Over the past few years, Jeffery Spiegel, MD, professor of otolaryngology, head and neck surgery at Boston University School of Medicine, said he started to have patients ask about vaping. “They would say, I know smoking is unsafe around surgery, but is vaping ok?” In response, he conducted a study to see if e-cigarettes affected wounds in the same way that traditional cigarettes do.5

“Wound healing is a pretty good model for physical health in general,” Spiegel explained. “You need good nutrition, good blood flow to heal an injury.”

The study exposed 15 rats to traditional cigarette smoke and 15 rats to e-cigarette vapor for 30 minutes twice a day for 30 days.5 Fifteen rats were left as controls, with no cigarette exposure. After 30 days, a piece of tissue was removed from the rodents’ backs and surgically reattached to simulate a surgical procedure. Rodents exposed to cigarettes and e-cigarettes saw more tissue death in the wound than controls, indicating that the wound healing process was impaired. Changes in vascular function and blood flow to the wound, likely caused by the nicotine in both products, might have contributed to that complication.

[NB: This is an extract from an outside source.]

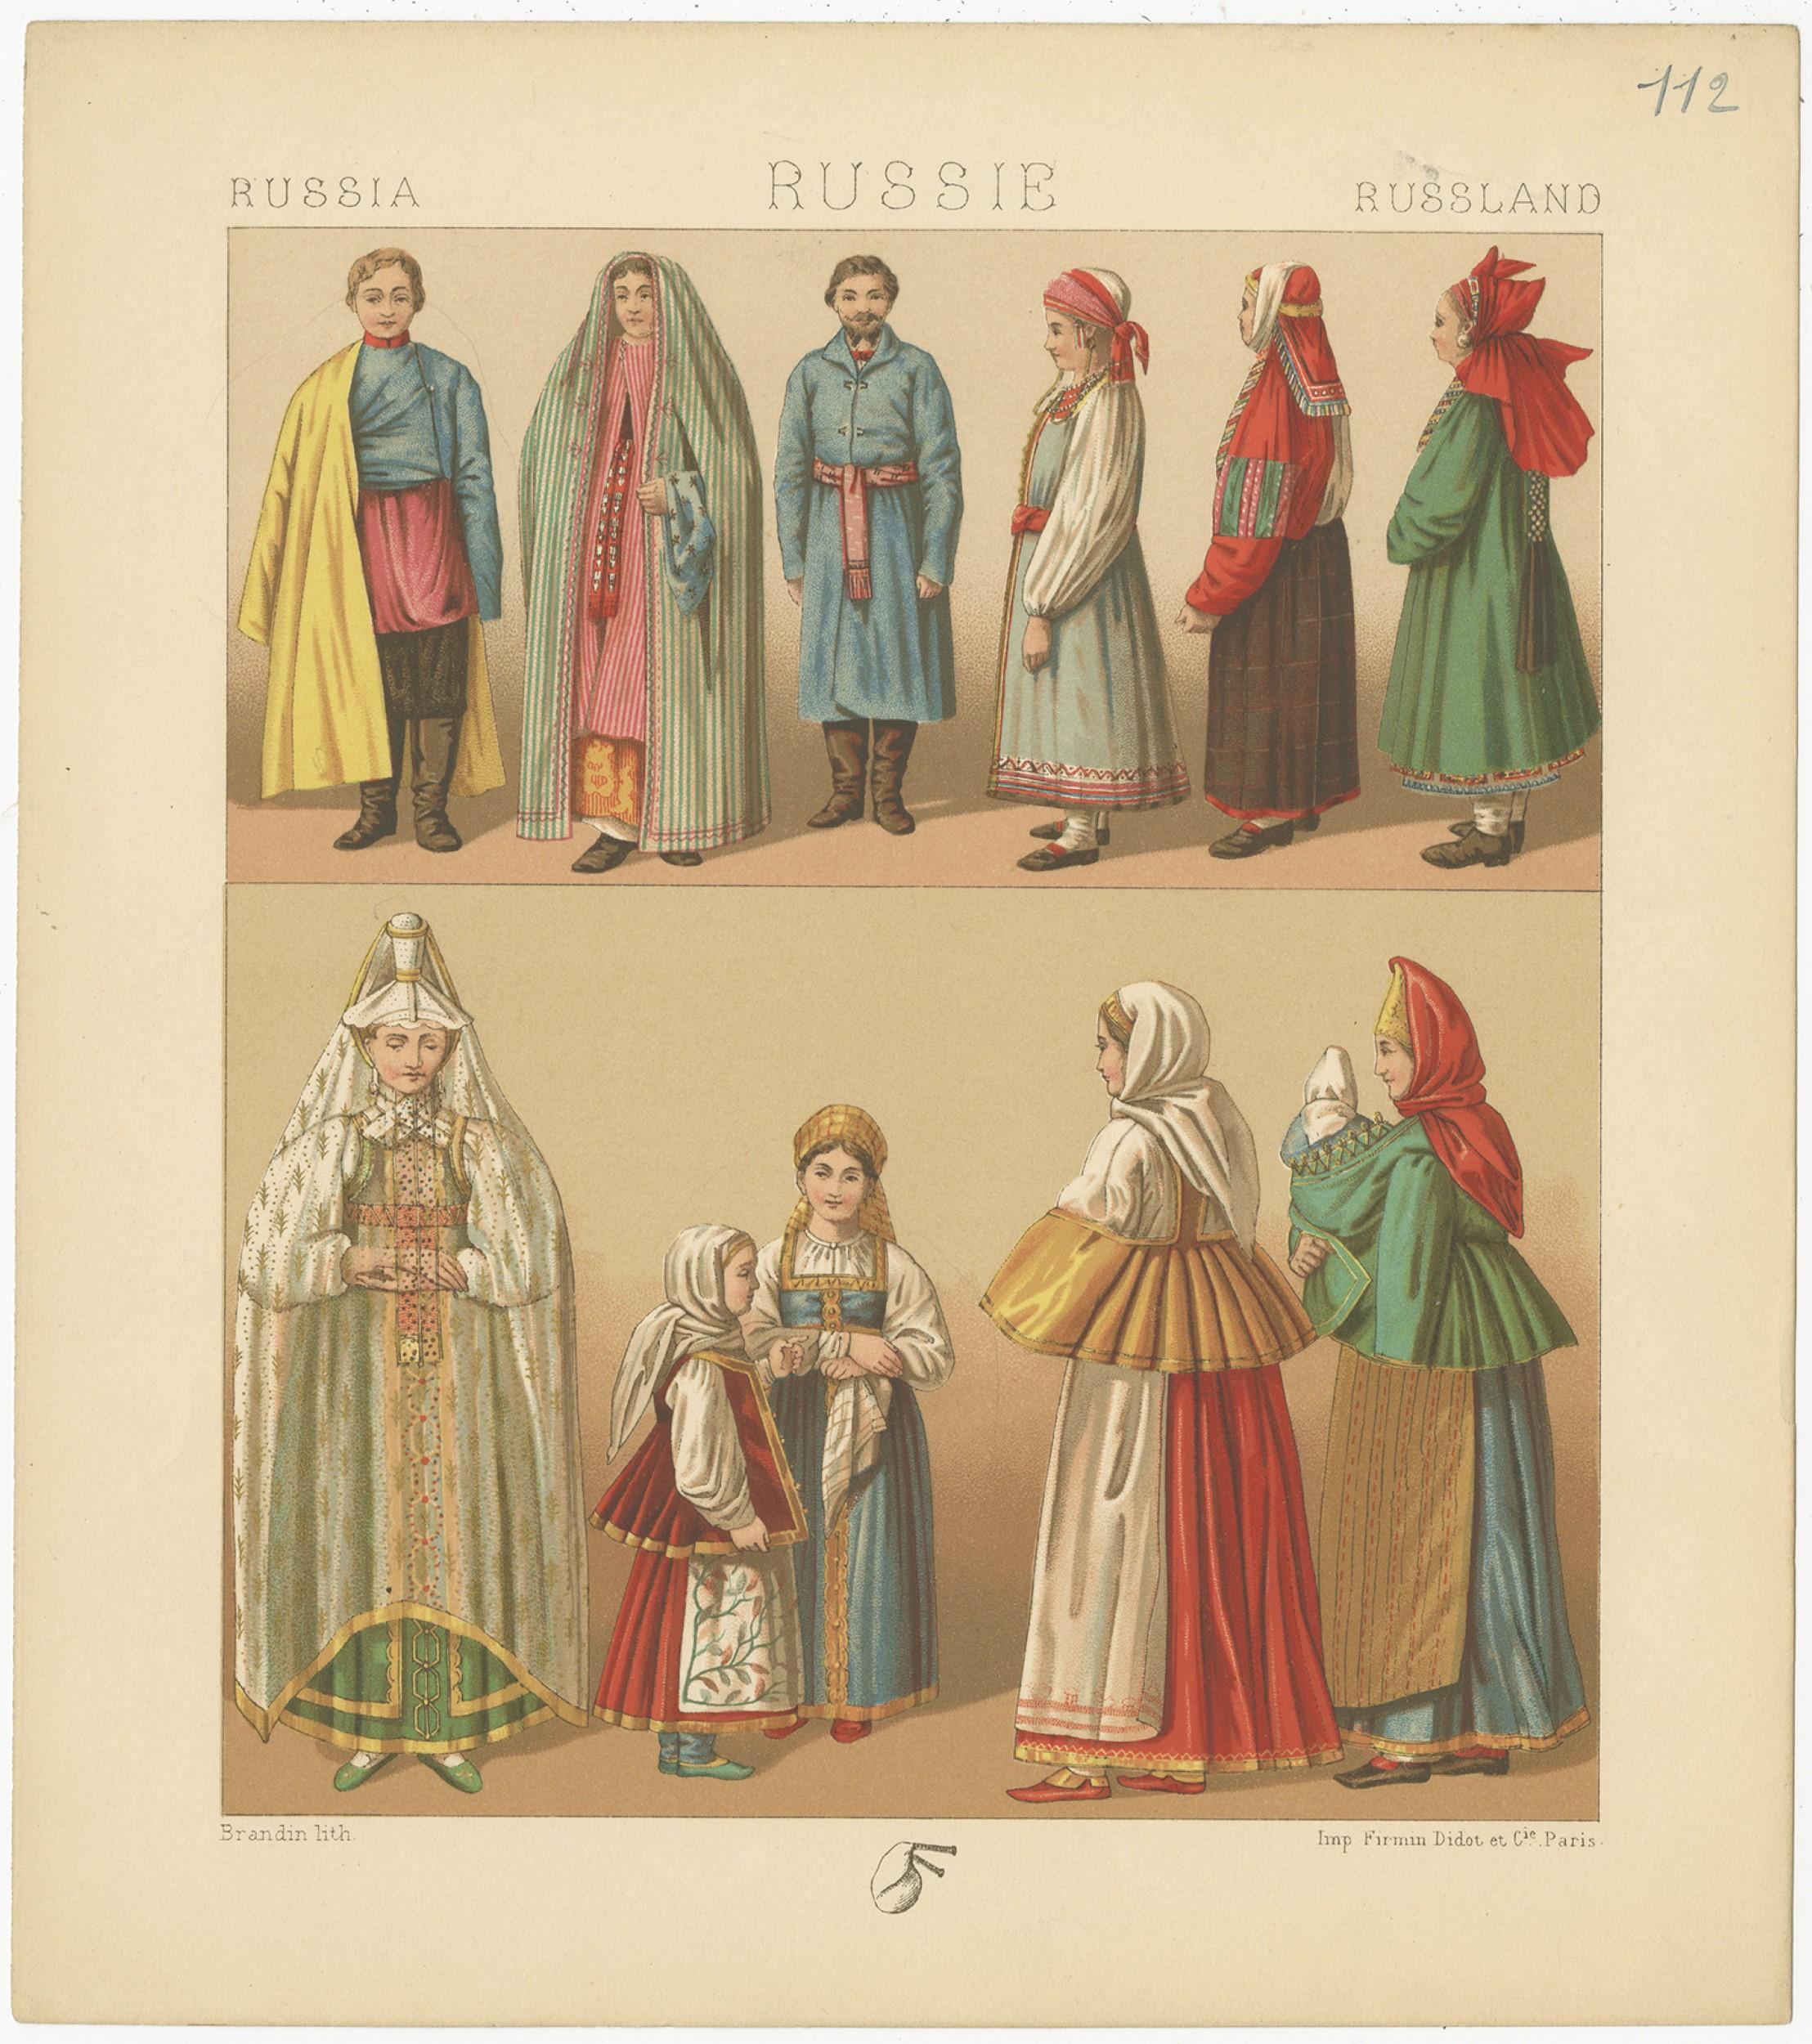 Antique print titled 'Russia - Russie - Russland'. Chromolithograph of Russian Women's Kokoshnik. This print originates from 'Le Costume Historique' by M.A. Racinet. Published, circa 1880.

While this study was conducted on rodents, and it’s unclear how vaping and e-cigarettes affect wound healing in humans, Spiegel said he would expect the impairment would remain. “You can’t be certain,” he said,. “but it’s a compelling argument. I think the detrimental effects of cigarettes are similiar, so it crosses over.”

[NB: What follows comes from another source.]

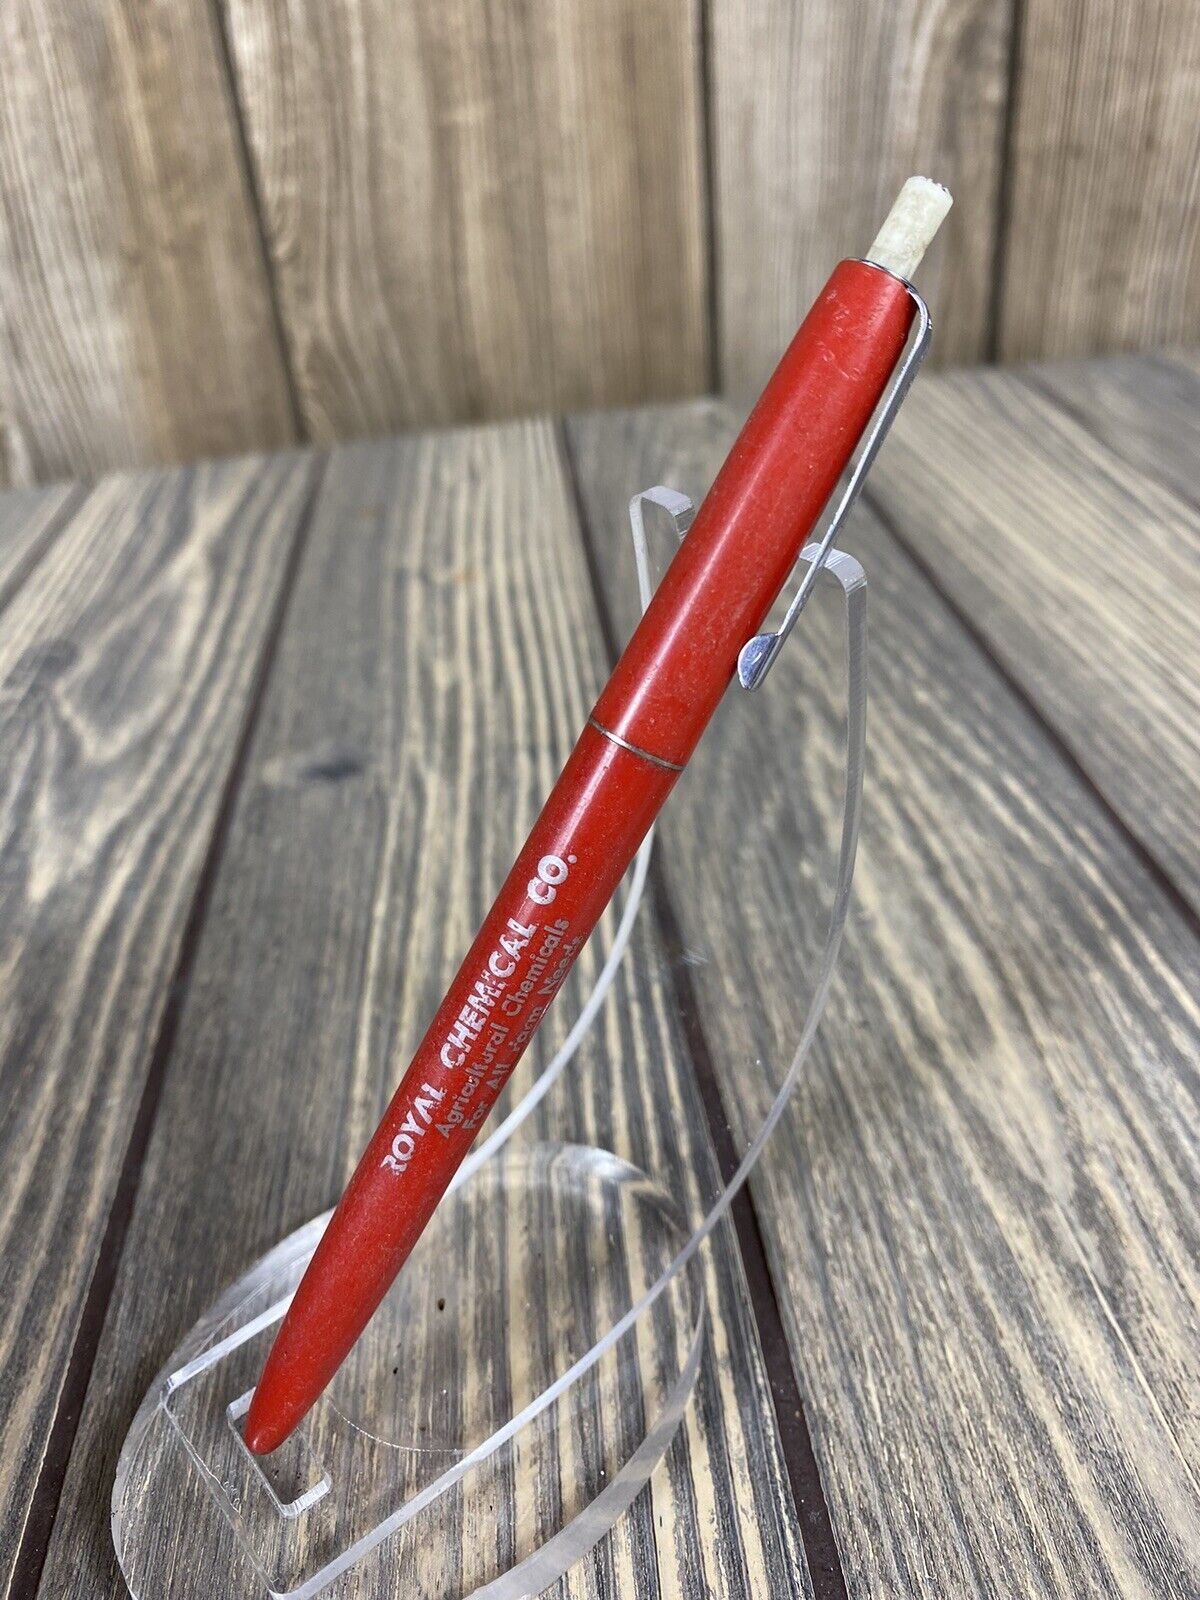 Vintage Royal Chemical Co Redipen Red Pen Advertisement

If vaping impacts wound healing, that would also have repercussions for athletic performance, Spiegel noted. Sports injuries may take longer to heal if the impairment proves significant, such as fractures, muscle tears, or other problems. In addition, working to build muscle is a constant cycle of micro-injuries. Exercise causes microscopic tears in muscle fibers, which heal to regrow stronger. “If vaping interferes with the body’s ability to heal, it would interfere with the athlete’s ability to train well or reap the benefits of training,” Spiegel said. “It’s the same way for people with bad diabetes, or an autoimmune disease, or anything that interferes with their ability to heal. We can’t expect them to be able to reach the types of performance of an elite athlete.”

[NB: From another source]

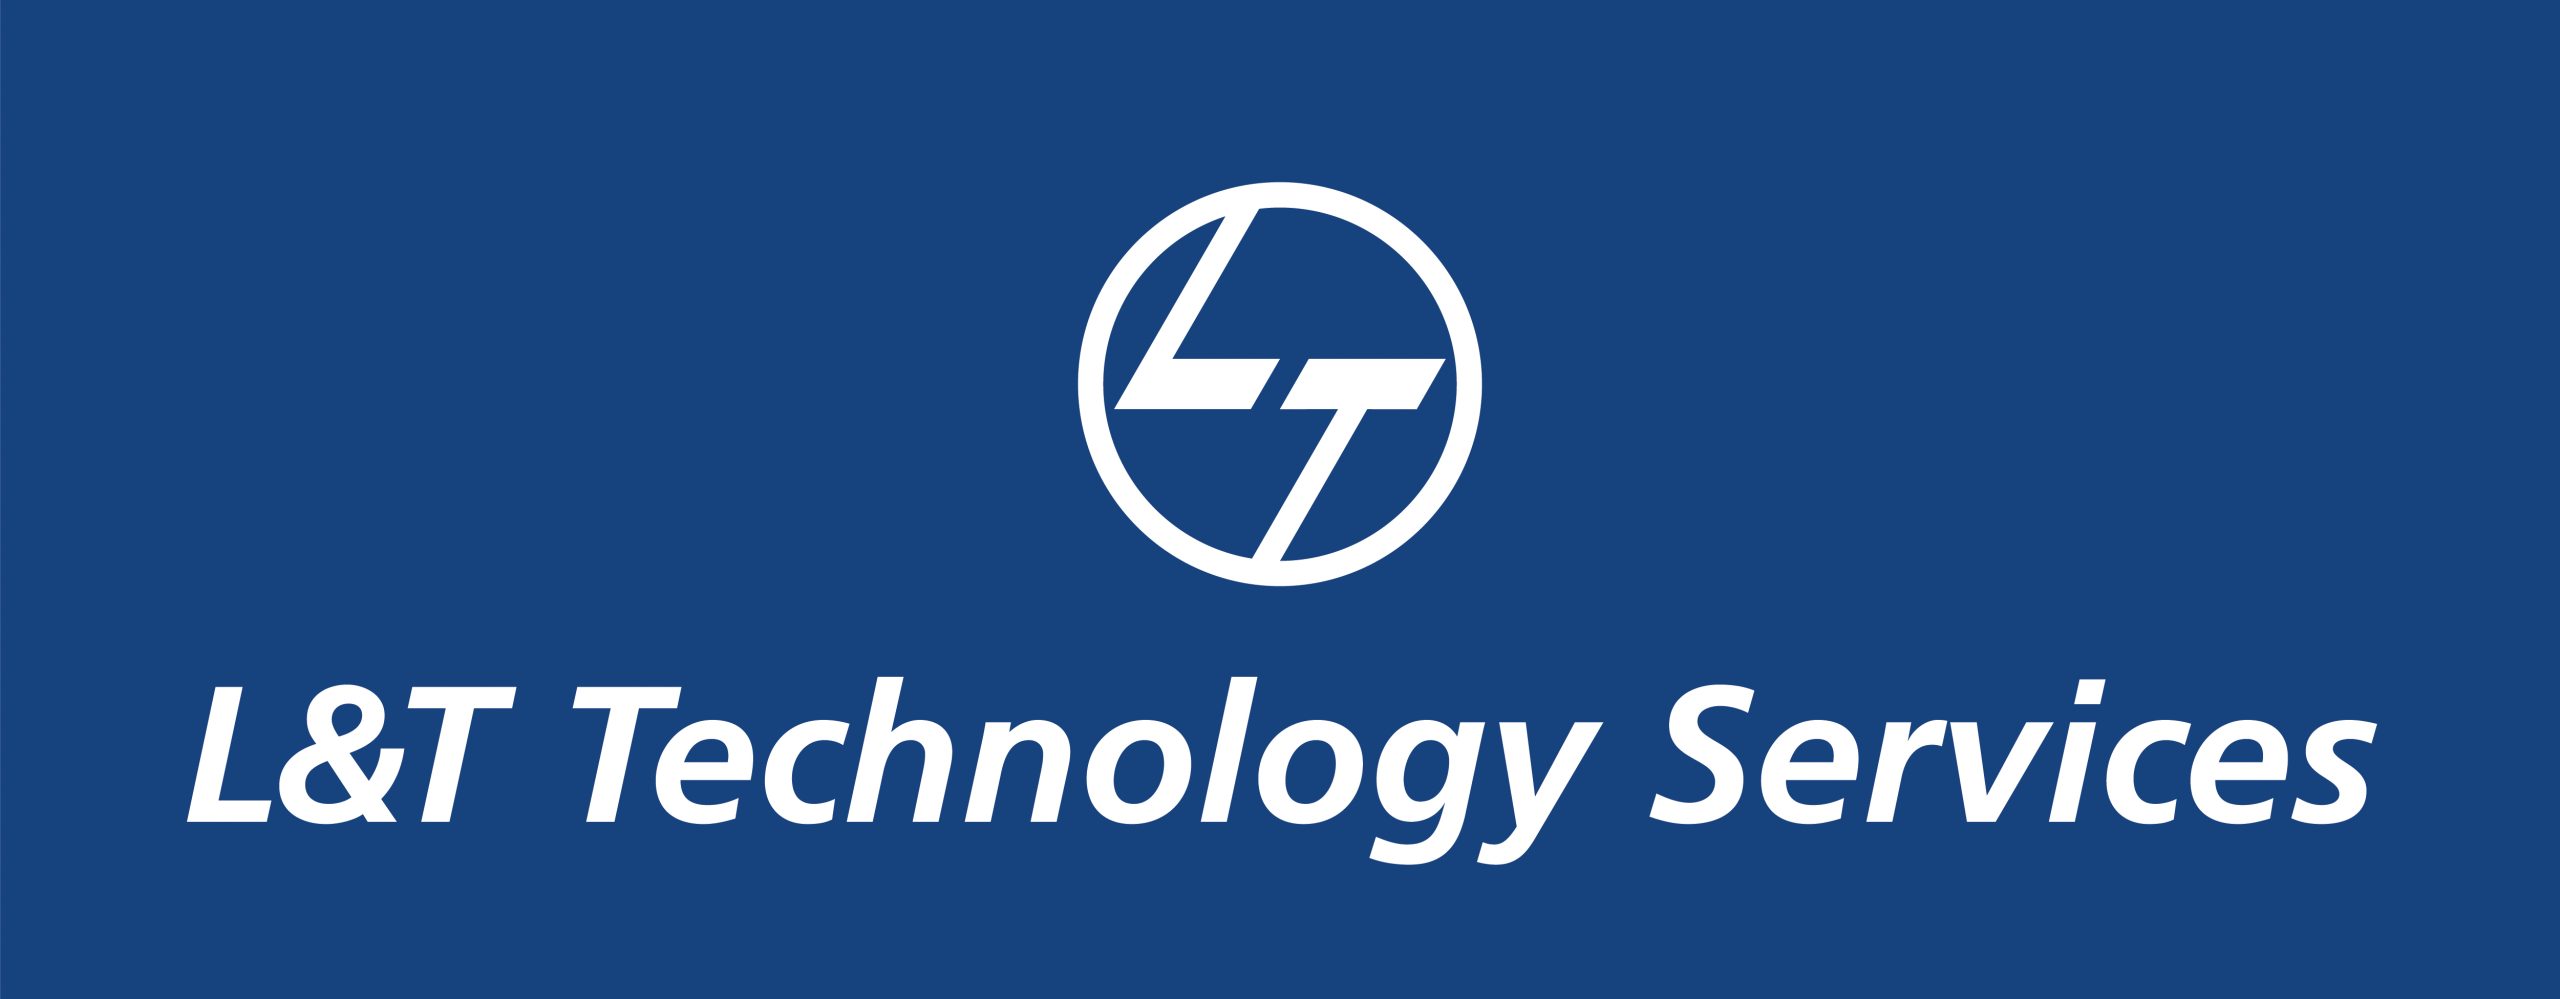 LT Technology Services Limited scaled

Research on vaping is still in early stages, Spiegel noted, and there are still open questions about the product’s impact on human health and performance. Continued regulatory and legislative action on vaporizer products and e-cigarettes, however, might restrict their use significantly. “It may be that additional research into vaping becomes less valuable, because it’s going to be uncommon soon,” he said.

But until that point, athletic organizations and experts working with young athletes need to keep an eye on their use, according to Veliz. “I don’t know if it’s 100% on their radar. It took a while for them to, for example, start thinking about prescription painkillers. But I do think it’s starting to pick up traction.”

REFERENCES
  1. Veliz PT, Boyd CJ, McCabe SE. Competitive sport involvement and substance use among adolescents: a nationwide study. Subst Use Misuse. 2015;50:156-65.
  2. Veliz P et al. Adolescent sports participation, e-cigarette use, and cigarette smoking. Am J Prev Med. 2017;53:e175-e183.
  3. Carnevale R, et al. Acute impact of tobacco vs electronic cigarette smoking on oxidative stress and vascular function. Chest. 2016;150:606-12.
  4. Caporale A, et al. Acute effects of electronic cigarette aerosol inhalation on vascular function detected at quantitative MRI. Radiology. 2019;293:1-10.
  5. Troiano C, Jaleel Z, Spiegel JH. Association of electronic cigarette vaping and cigarette smoking with decreased random flap viability in rats. JAMA Facial Plast Surg. 2019;21:5-10.